Data segment:
* * * * * * *

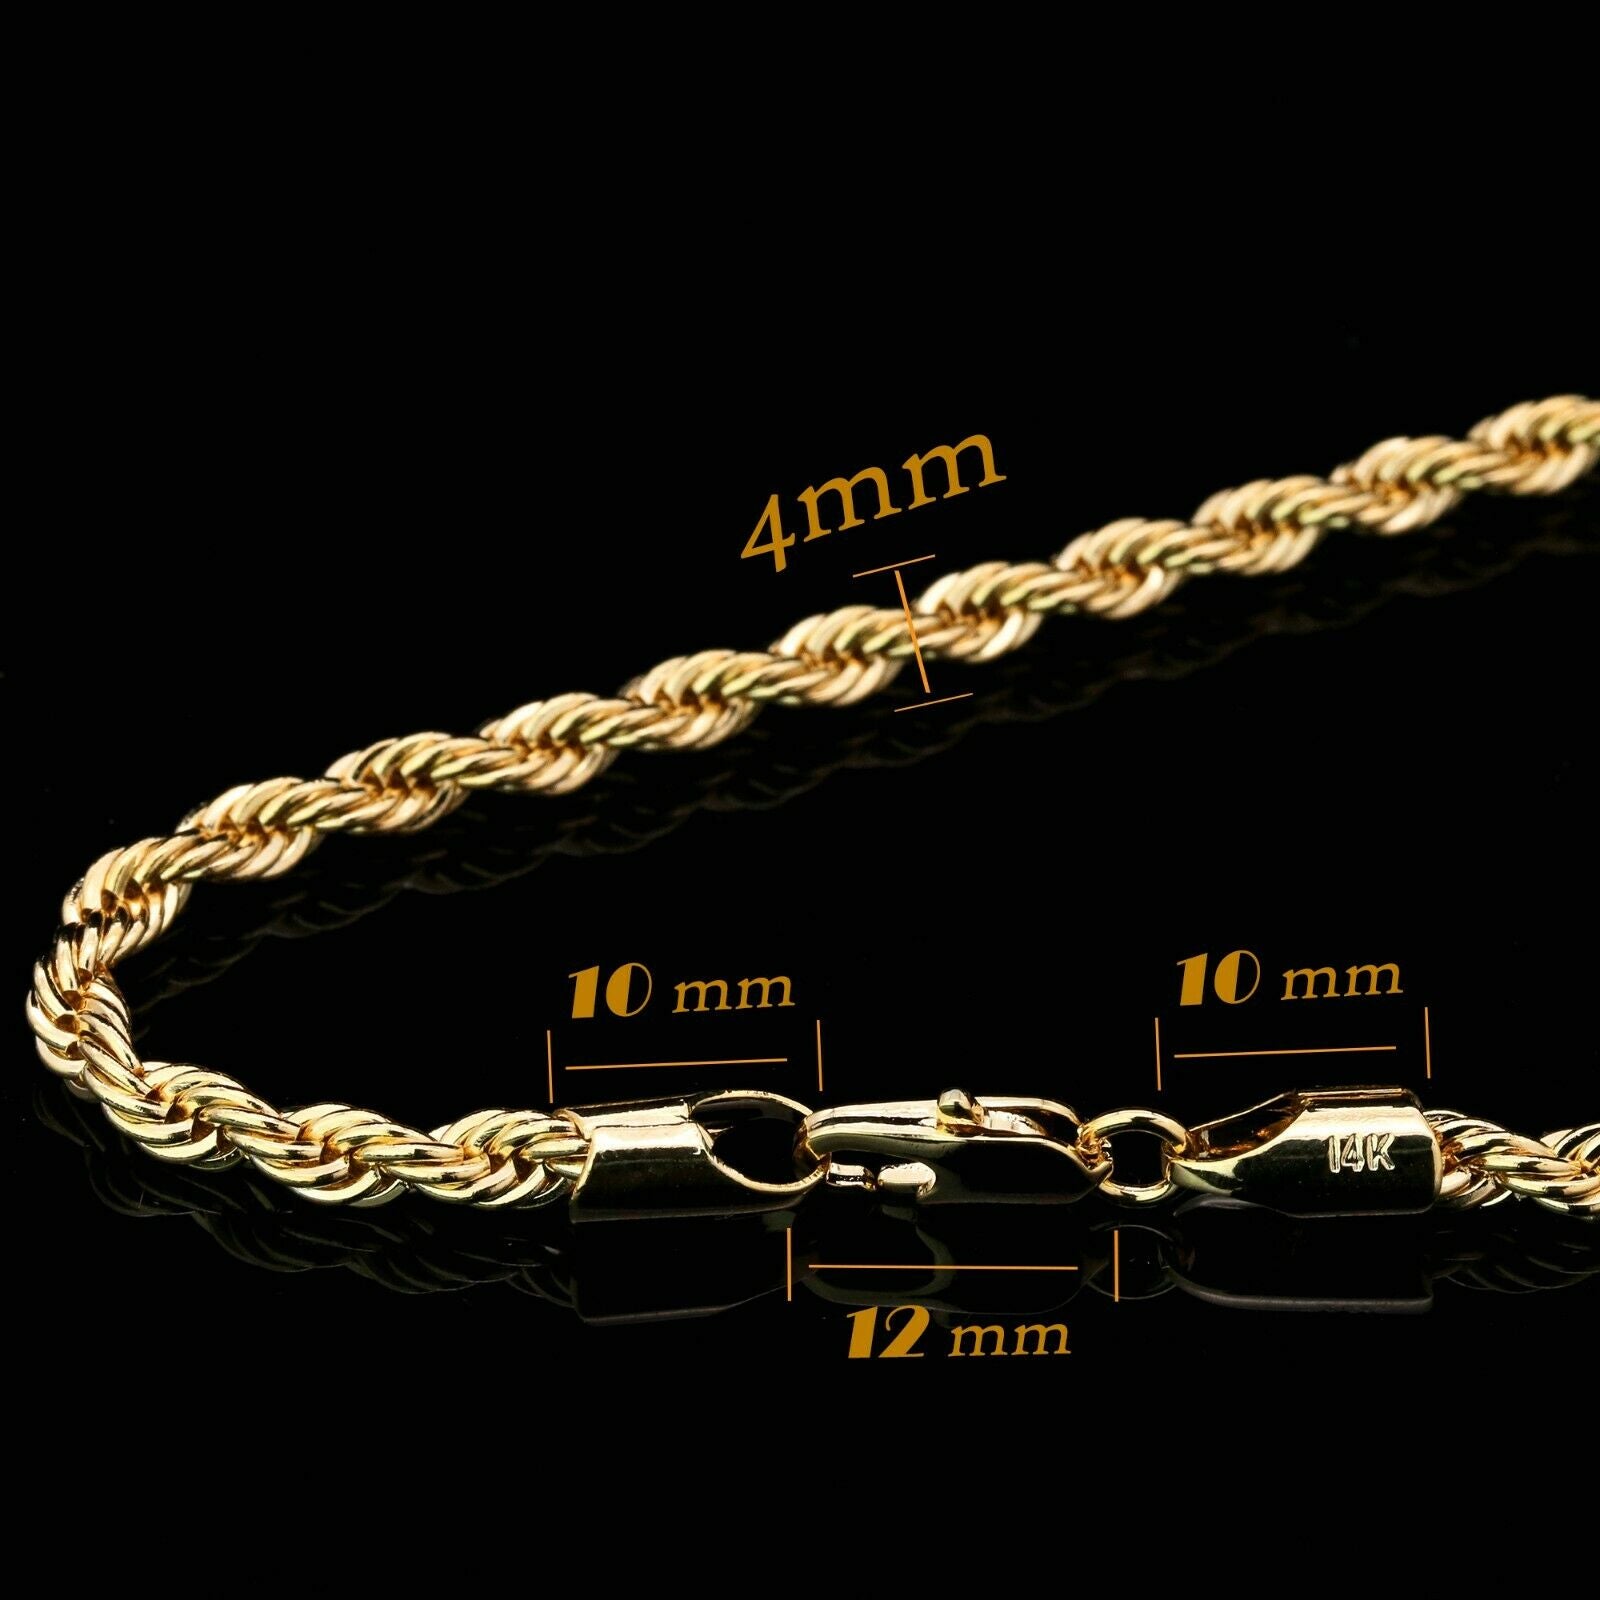 14k Gold Plated Hip-Hop CZ LIT FIRE Pendant 20" Choker Rope Chain Necklace
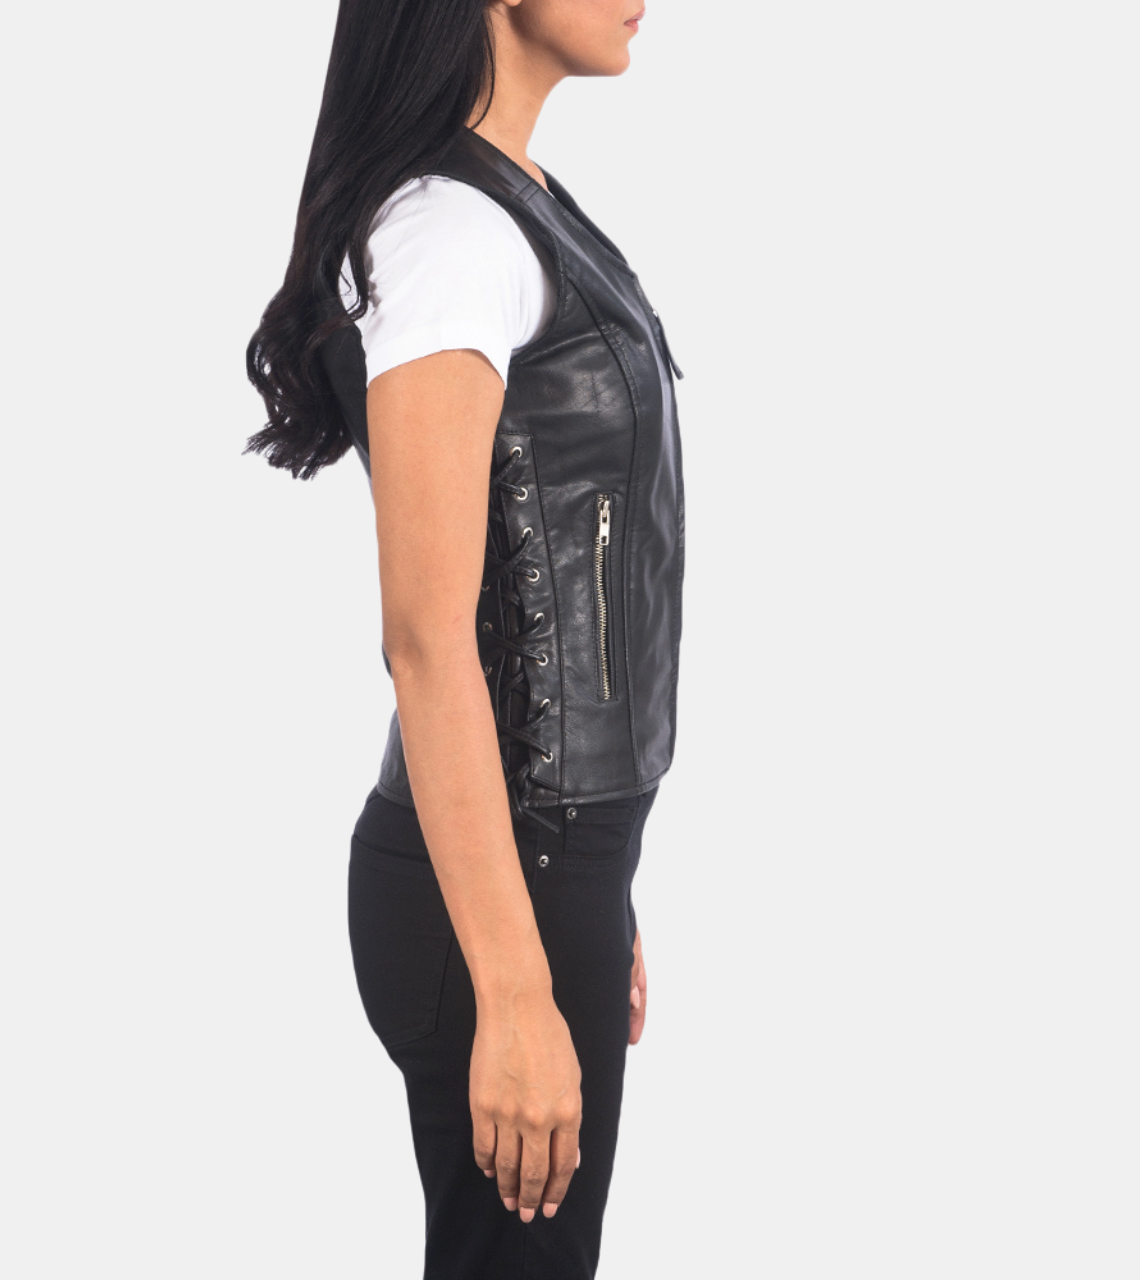 Idylla Black Leather Vest For Women's
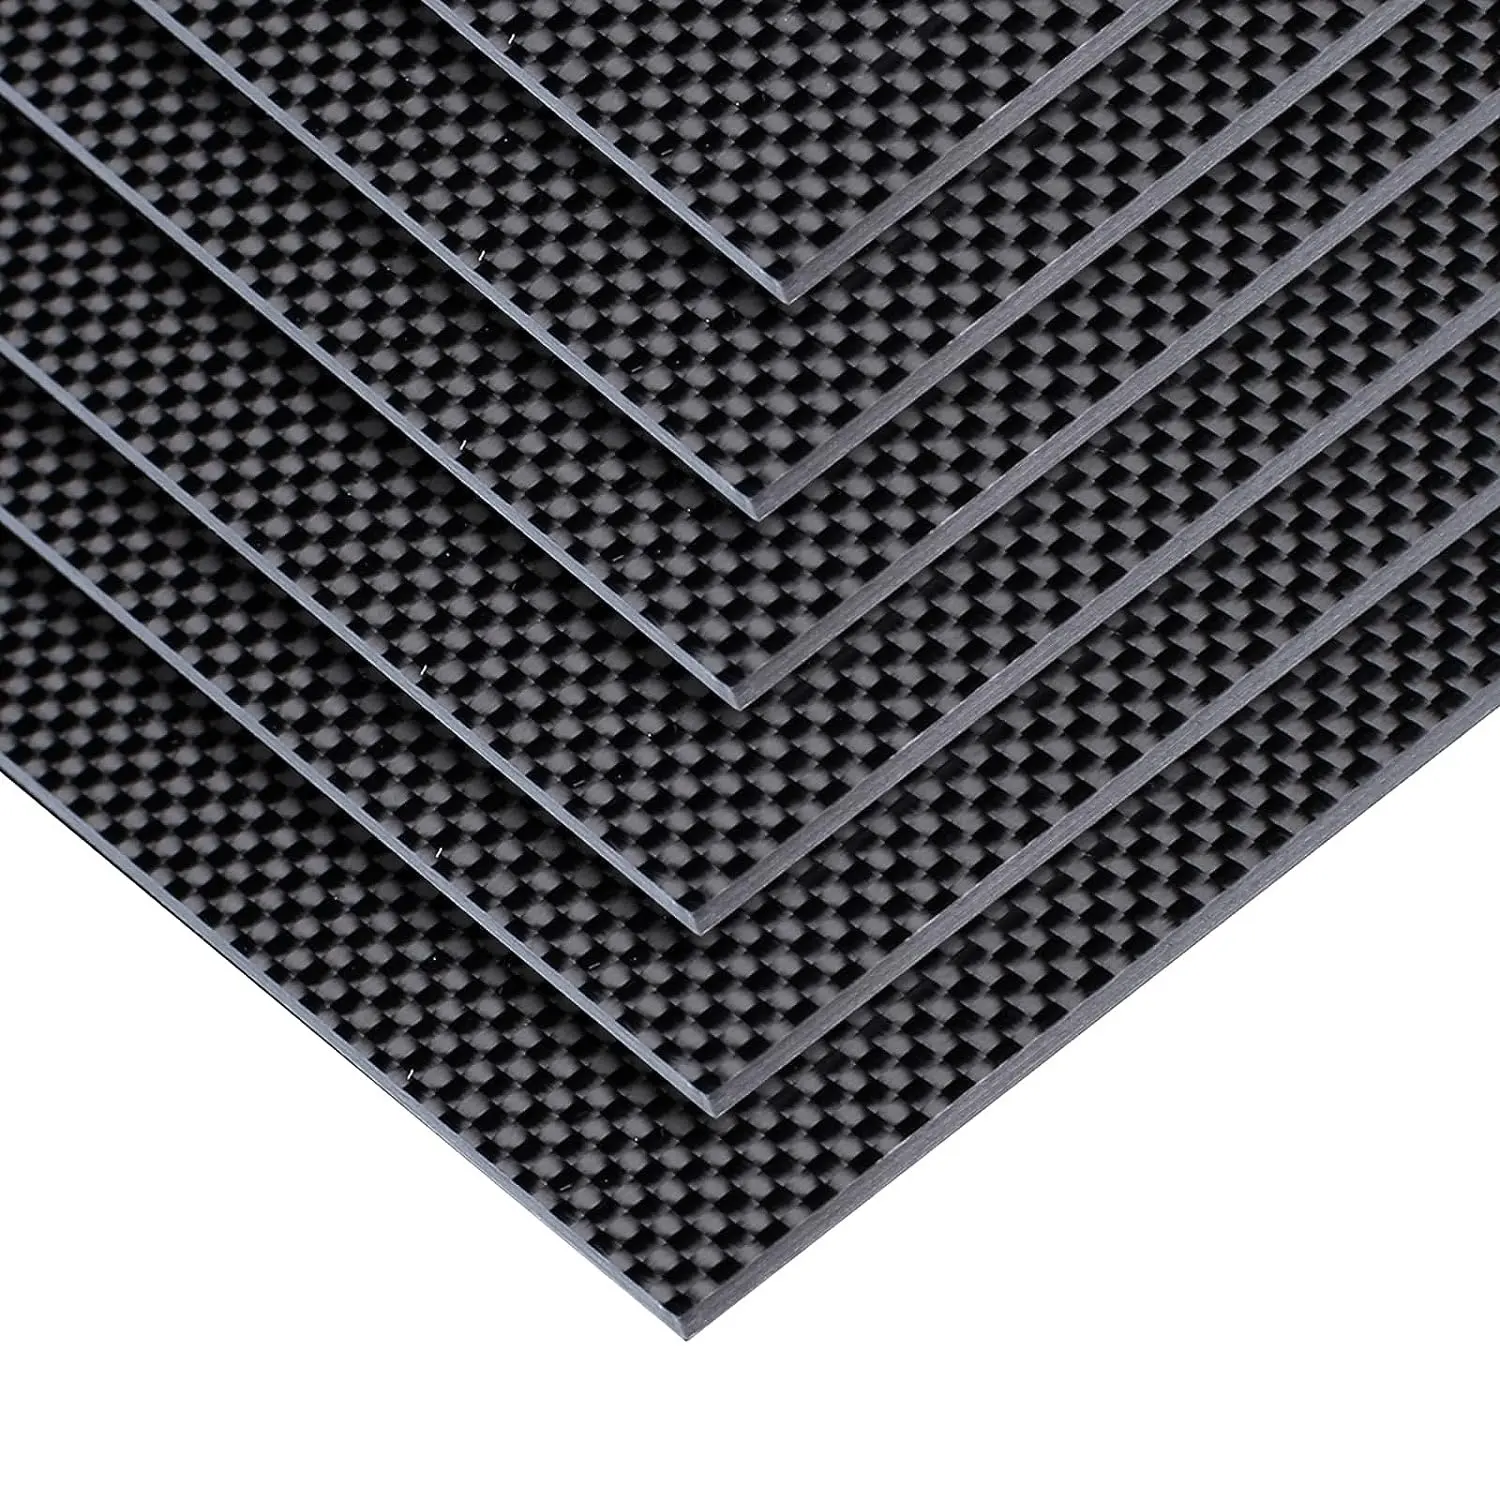 Fabrika 3k karbon fiber levha 500*500mm dövme 100% karbon fiber plaka duvar paneli

* * * * * * *

Exercise prompt:
Set the material above down again word for word. Include none of its pictures.

Solved exercise:
 14k Gold Plated Hip-Hop CZ LIT FIRE Pendant 20" Choker Rope Chain Necklace
 Idylla Black Leather Vest For Women's
 Fabrika 3k karbon fiber levha 500*500mm dövme 100% karbon fiber plaka duvar paneli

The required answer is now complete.